Every line in the listing below from the one with "Aluvión de apoyos" through the one with "Neue Justiz (NJ), Zeitschrift" is to be reproduced exactly, both ends included; leave out the rest.

### Records for the exercise
=== Begin Enclosure ===

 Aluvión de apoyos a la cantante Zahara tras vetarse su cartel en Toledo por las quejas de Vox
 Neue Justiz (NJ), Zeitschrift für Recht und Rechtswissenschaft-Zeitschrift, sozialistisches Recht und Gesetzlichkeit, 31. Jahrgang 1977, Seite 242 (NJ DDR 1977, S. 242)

=== End Enclosure ===
=== Begin Enclosure ===

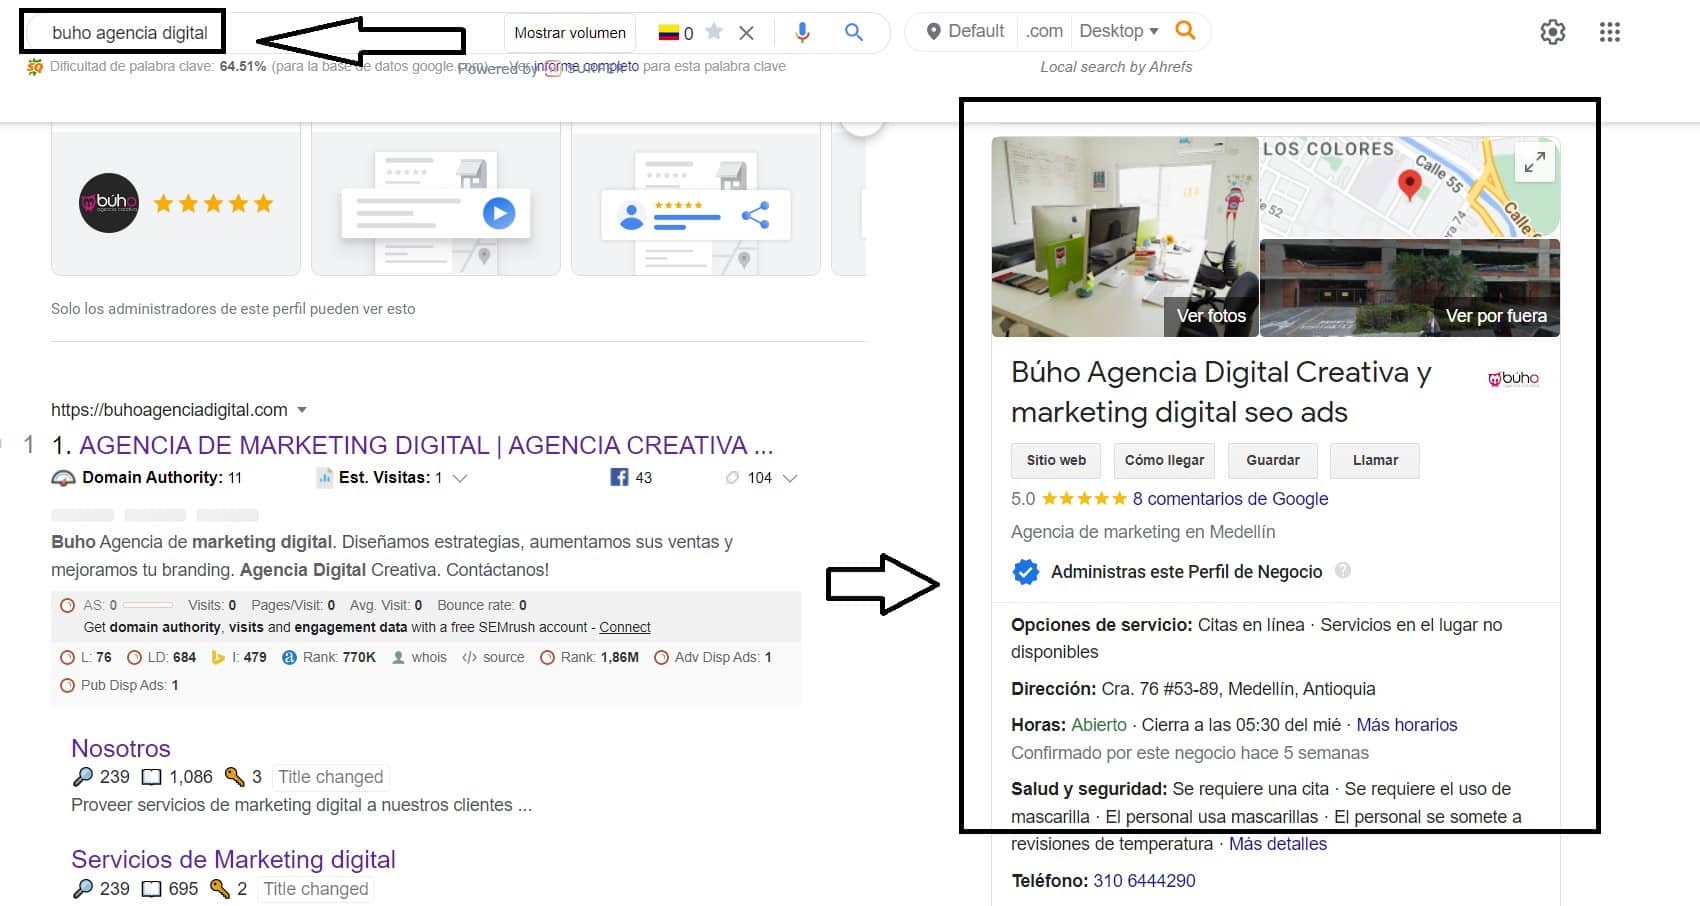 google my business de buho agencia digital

=== End Enclosure ===

### Worked solution
 Aluvión de apoyos a la cantante Zahara tras vetarse su cartel en Toledo por las quejas de Vox
 Neue Justiz (NJ), Zeitschrift für Recht und Rechtswissenschaft-Zeitschrift, sozialistisches Recht und Gesetzlichkeit, 31. Jahrgang 1977, Seite 242 (NJ DDR 1977, S. 242)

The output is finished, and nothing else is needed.